* _Your task_: Your task is to reproduce the listing exactly, without its images.

(Beginning of Dataset extract)

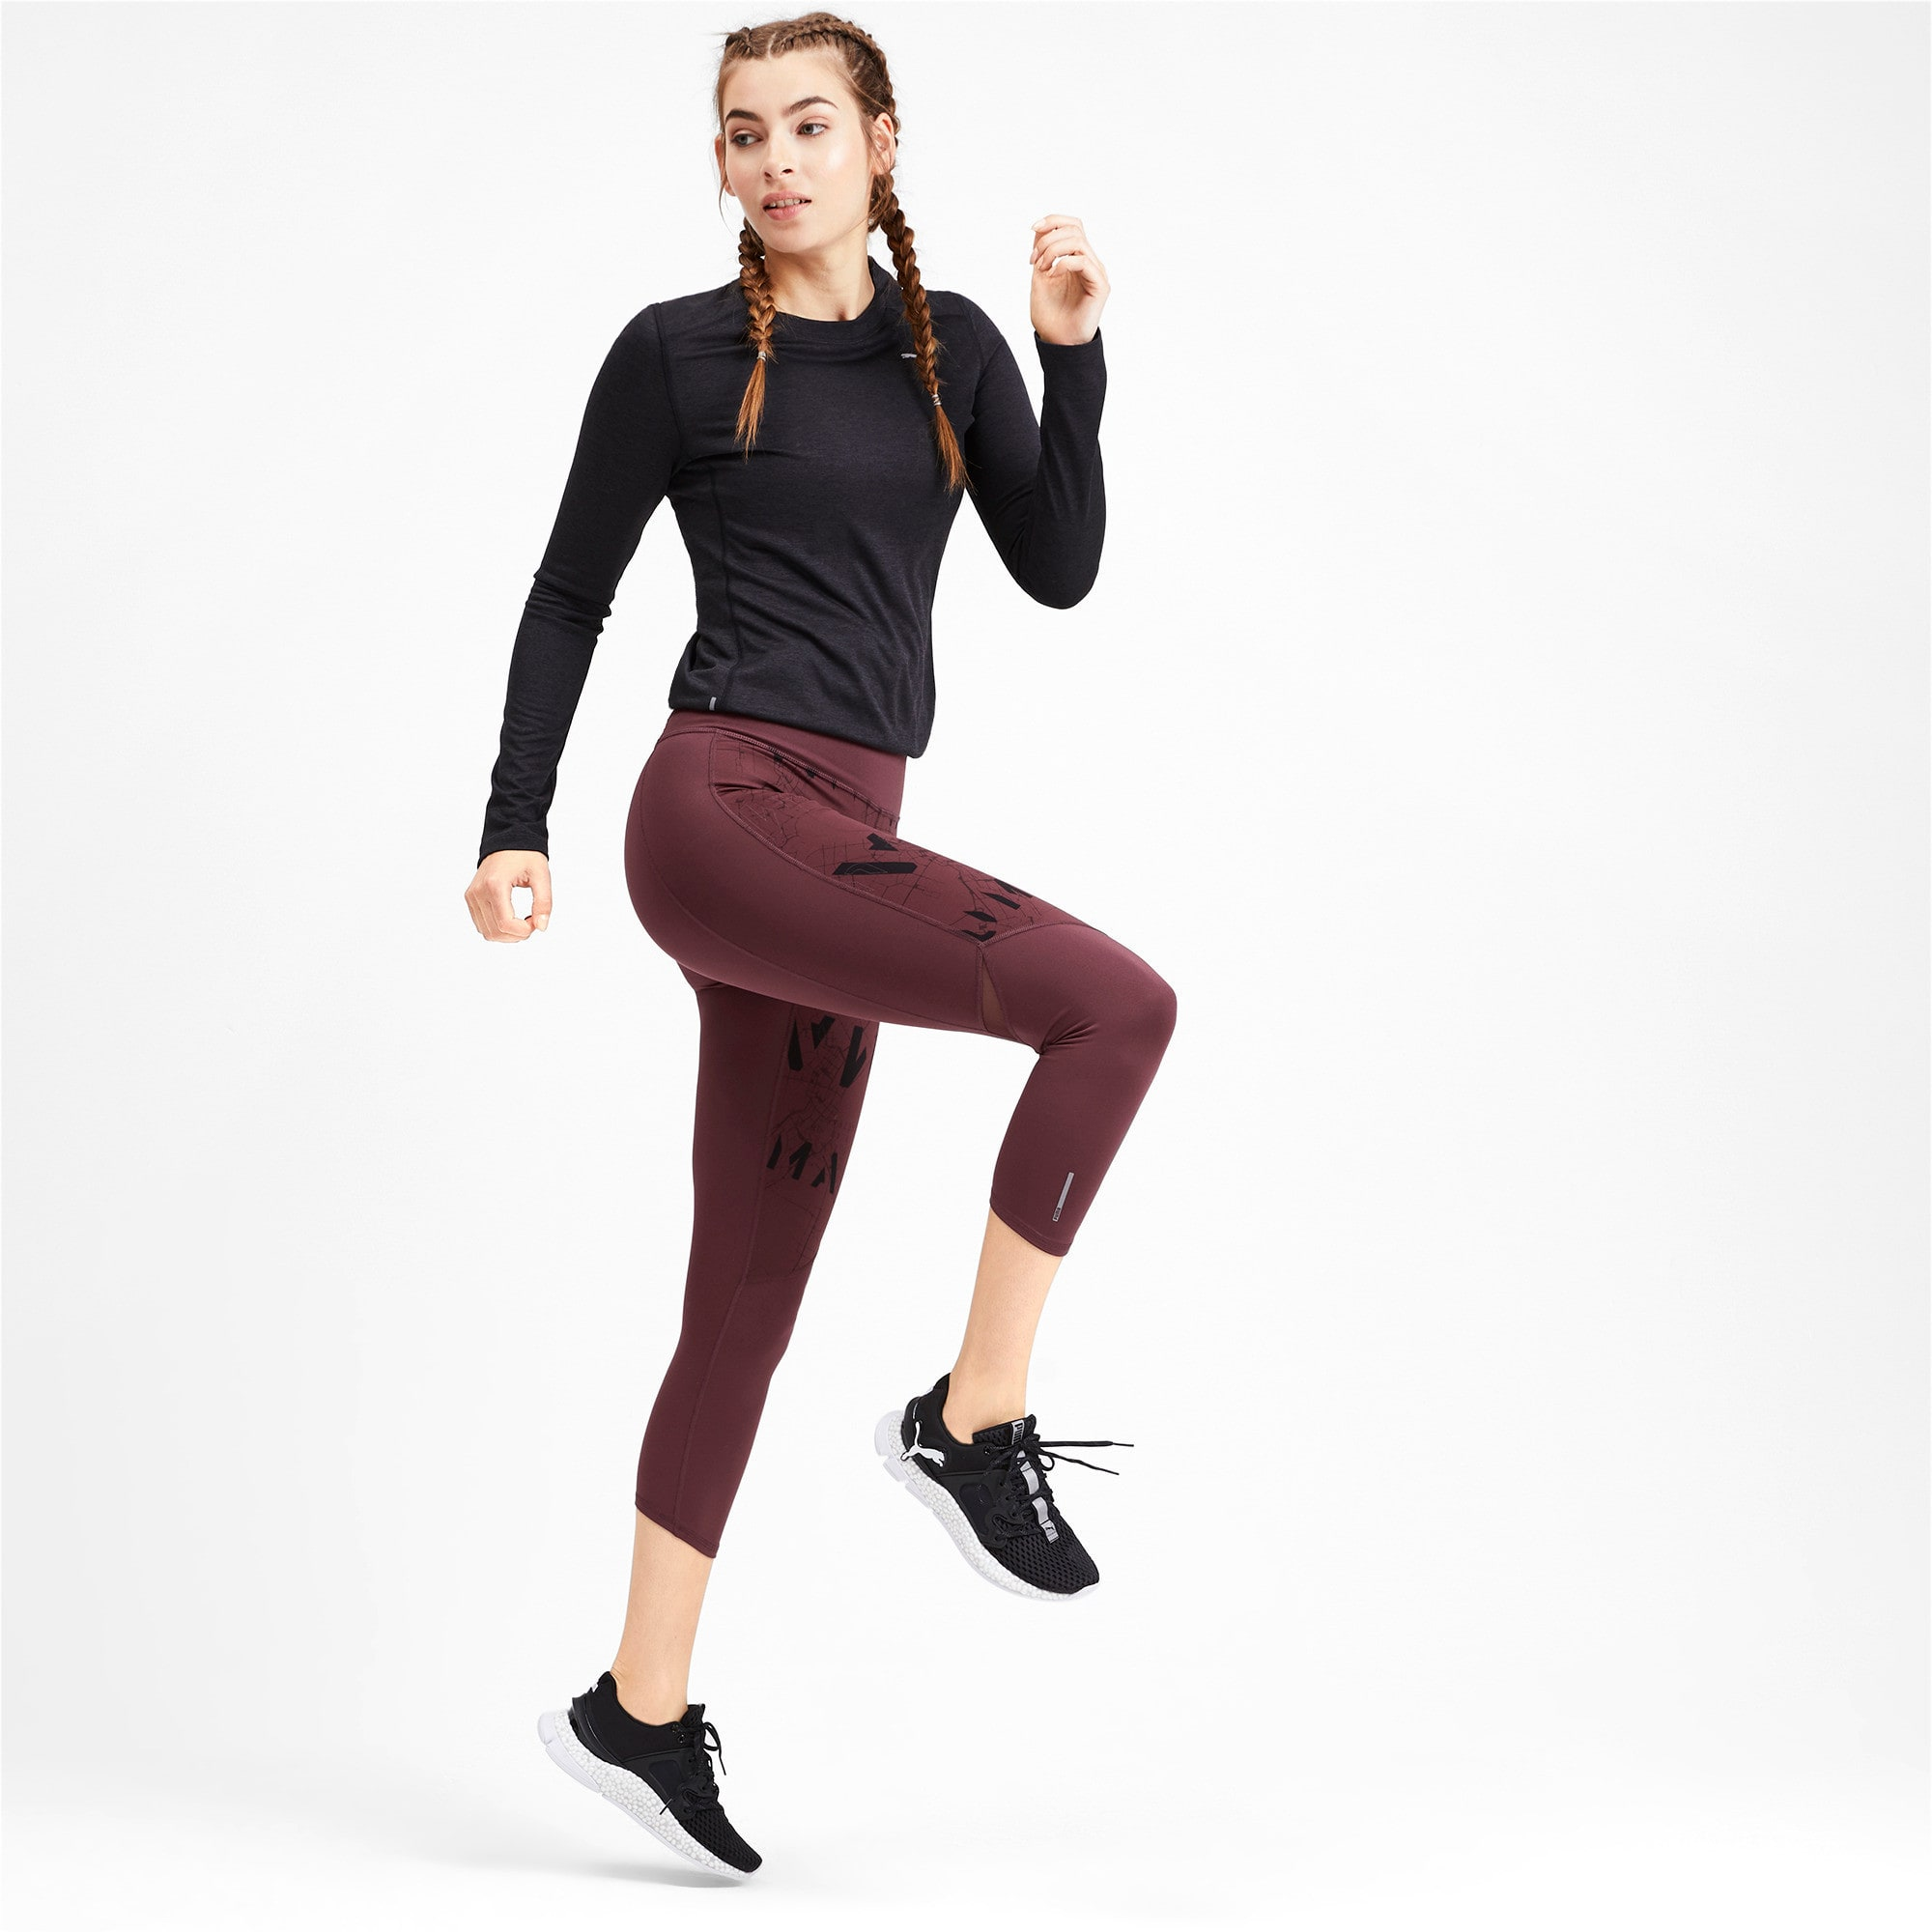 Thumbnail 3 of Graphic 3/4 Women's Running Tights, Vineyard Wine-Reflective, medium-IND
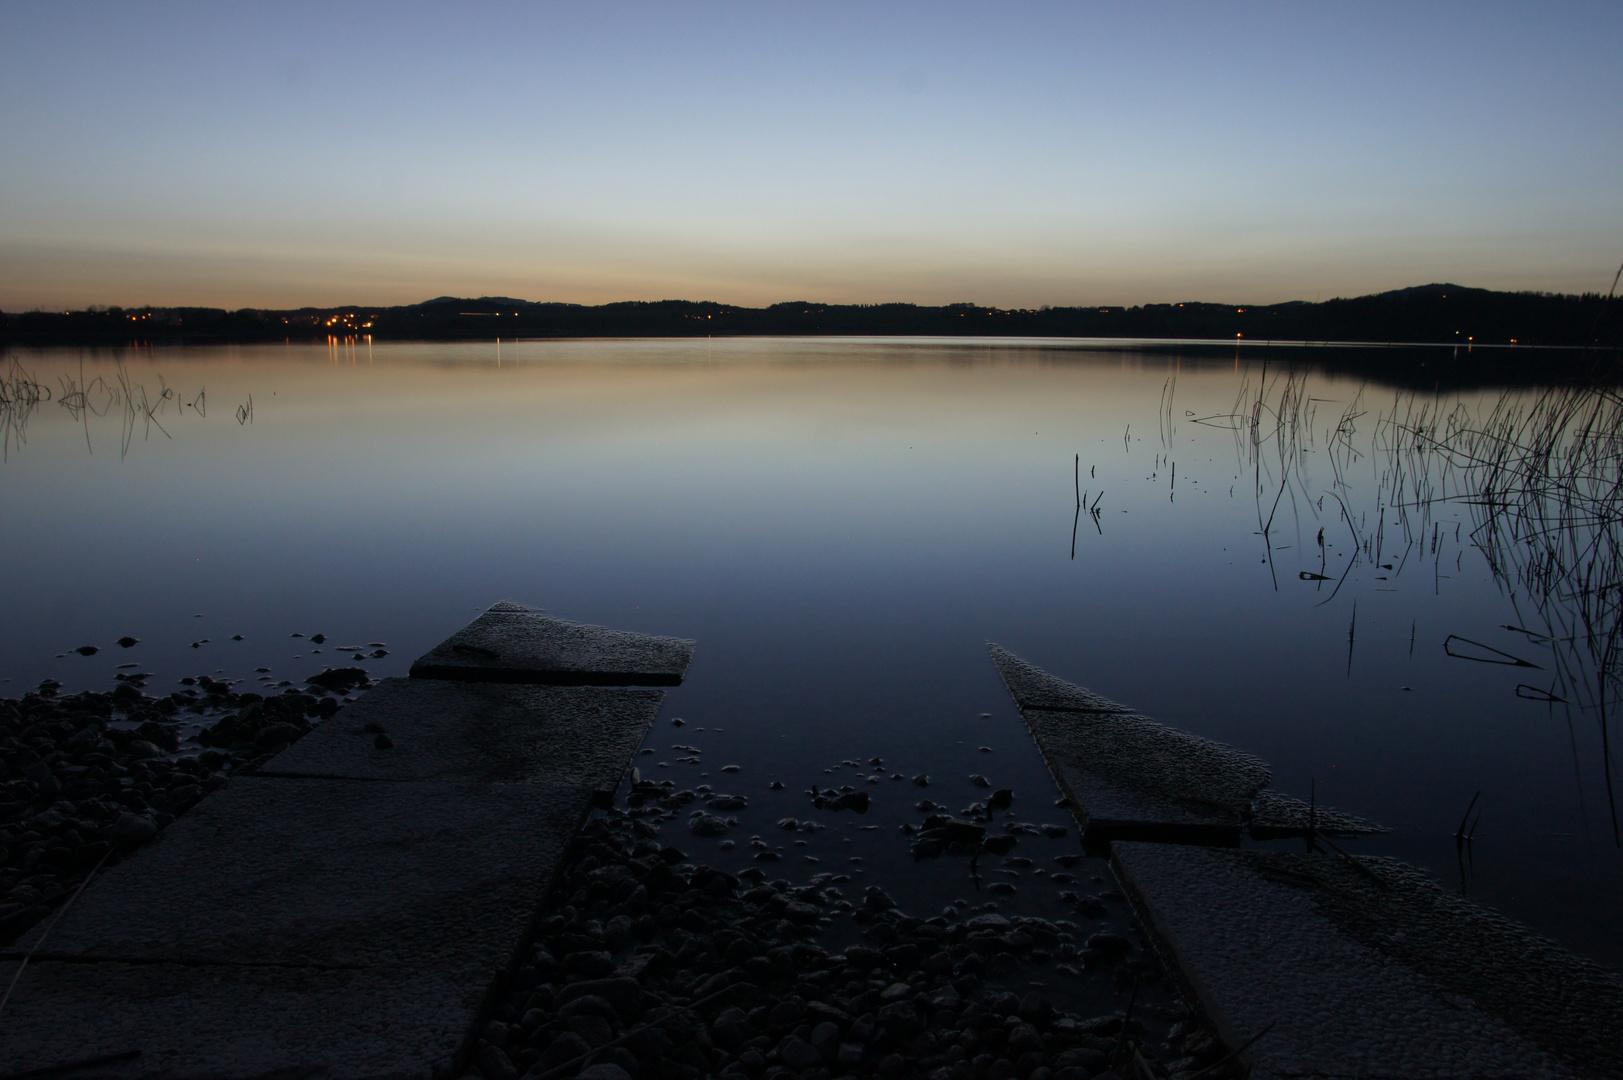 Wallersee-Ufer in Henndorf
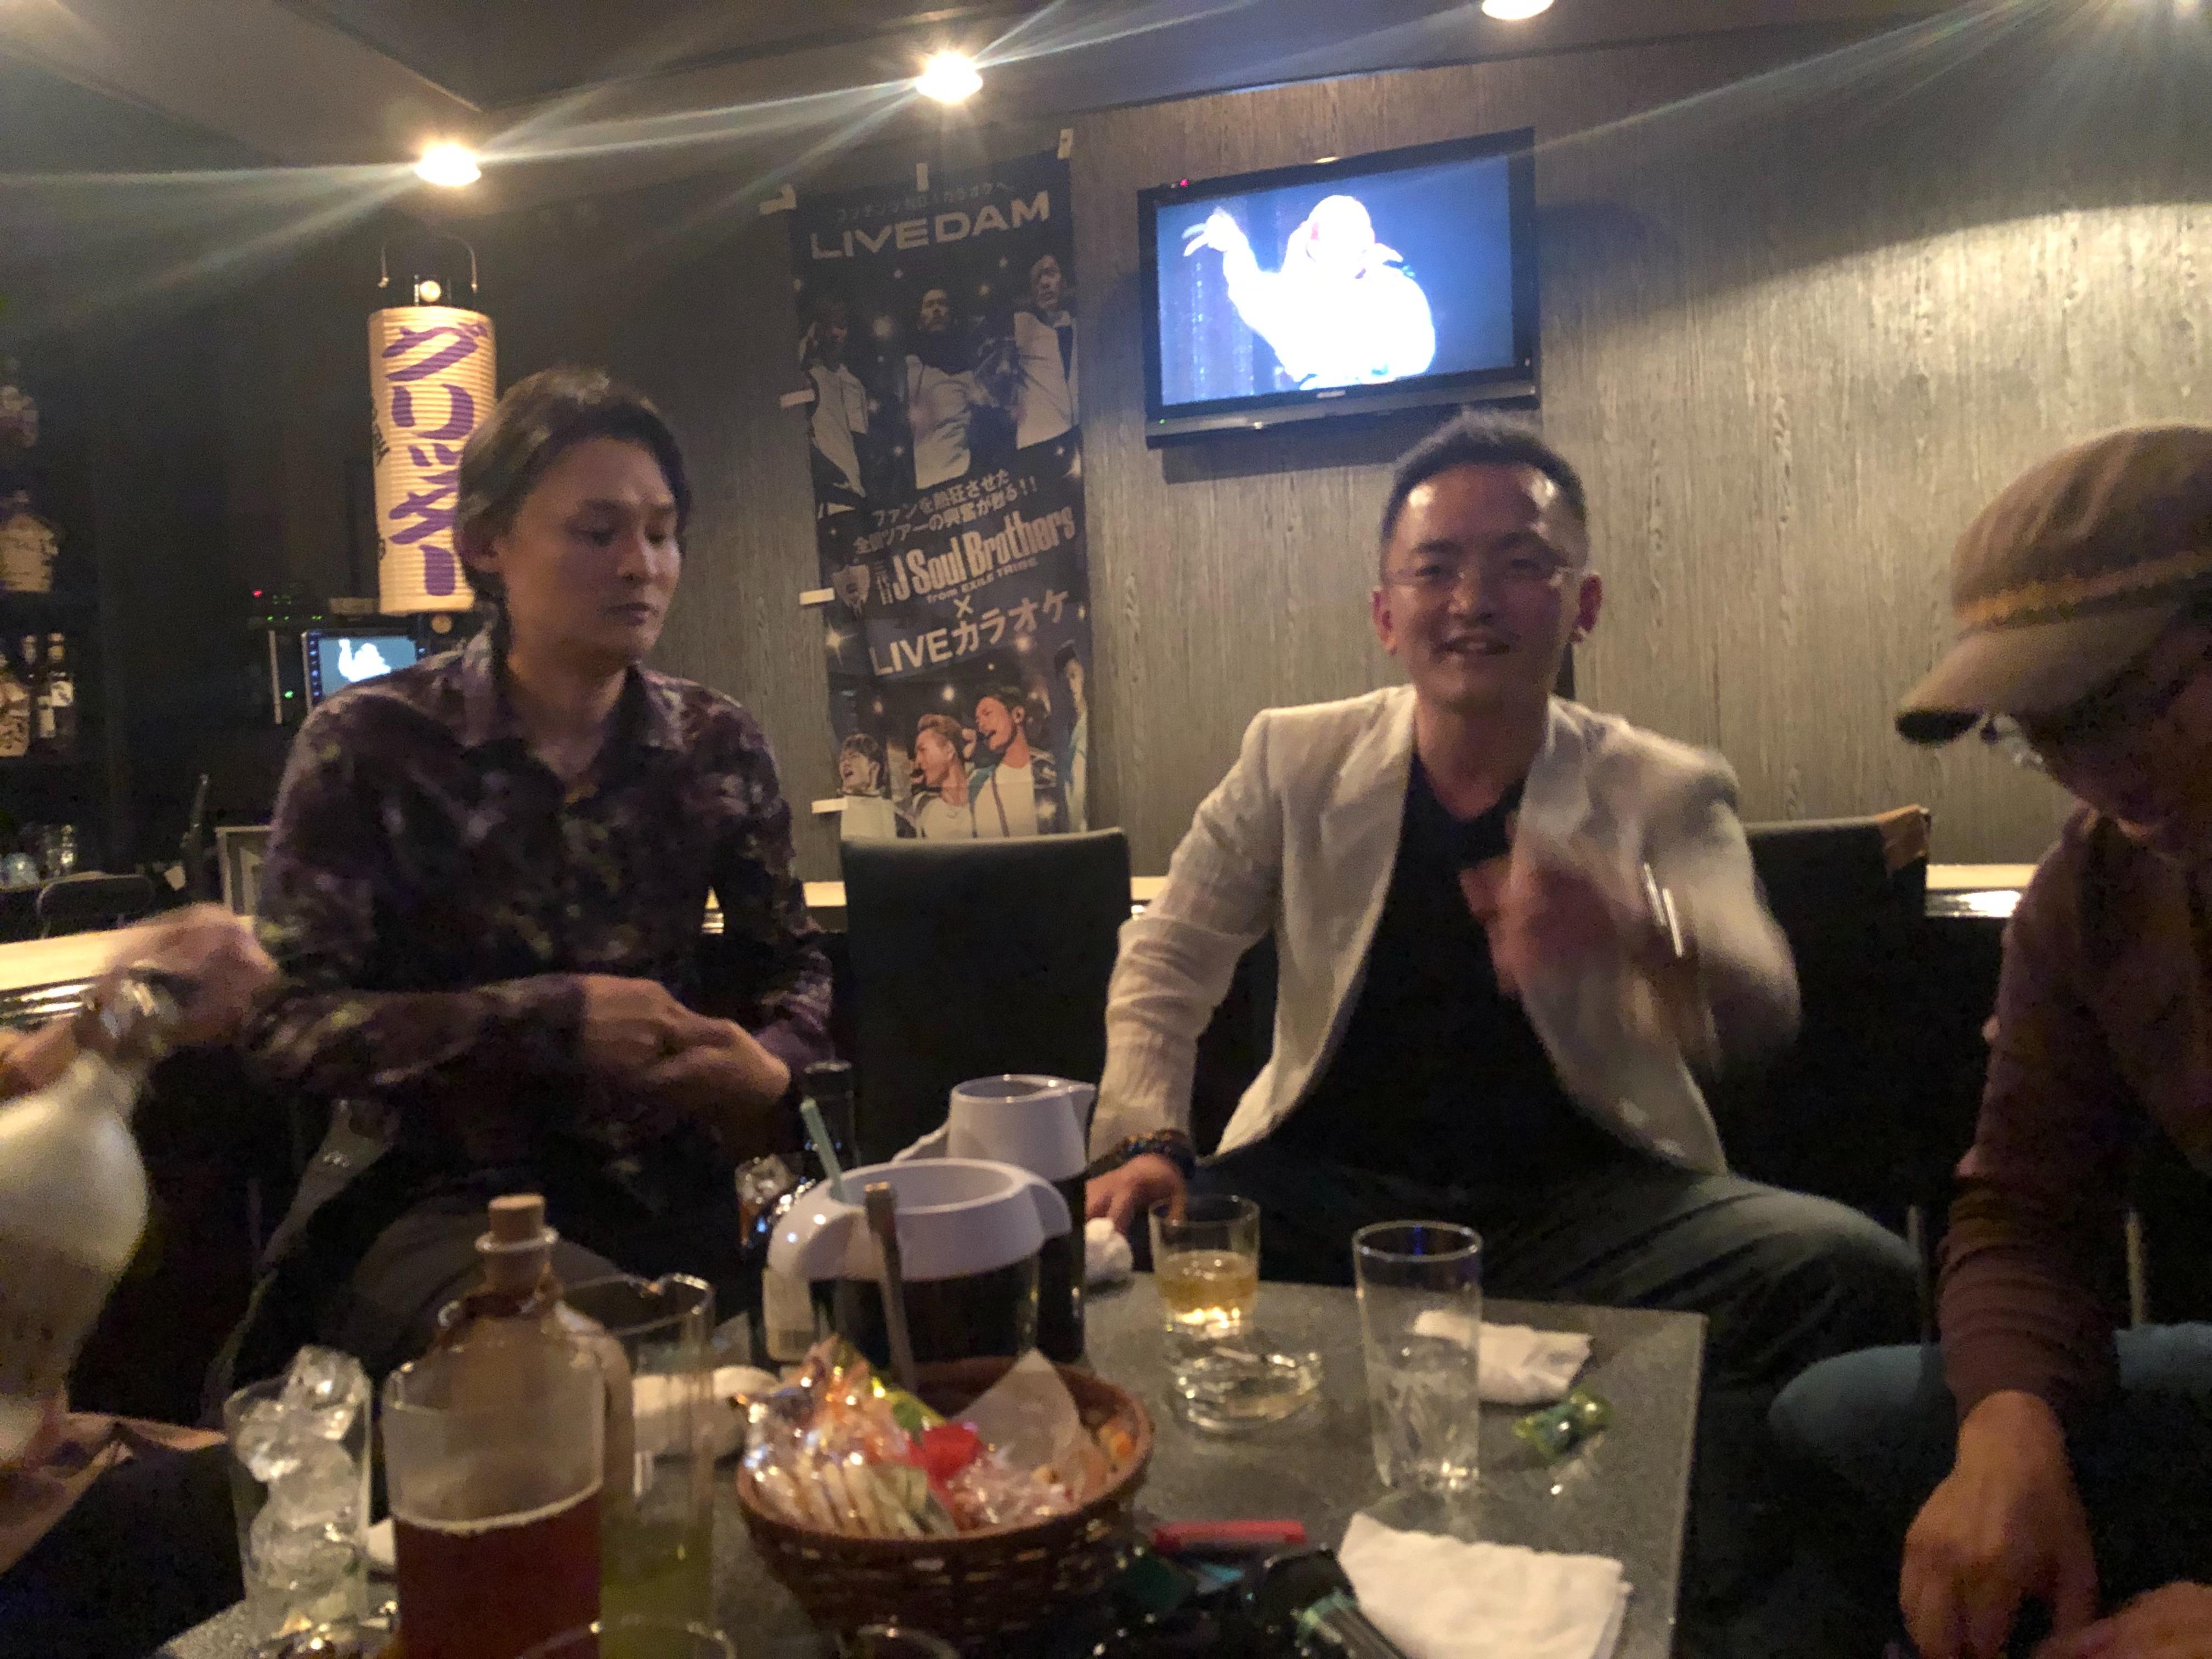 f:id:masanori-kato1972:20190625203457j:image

(End of Dataset extract)

* _Expected answer_:
 Thumbnail 3 of Graphic 3/4 Women's Running Tights, Vineyard Wine-Reflective, medium-IND
 Wallersee-Ufer in Henndorf
 f:id:masanori-kato1972:20190625203457j:image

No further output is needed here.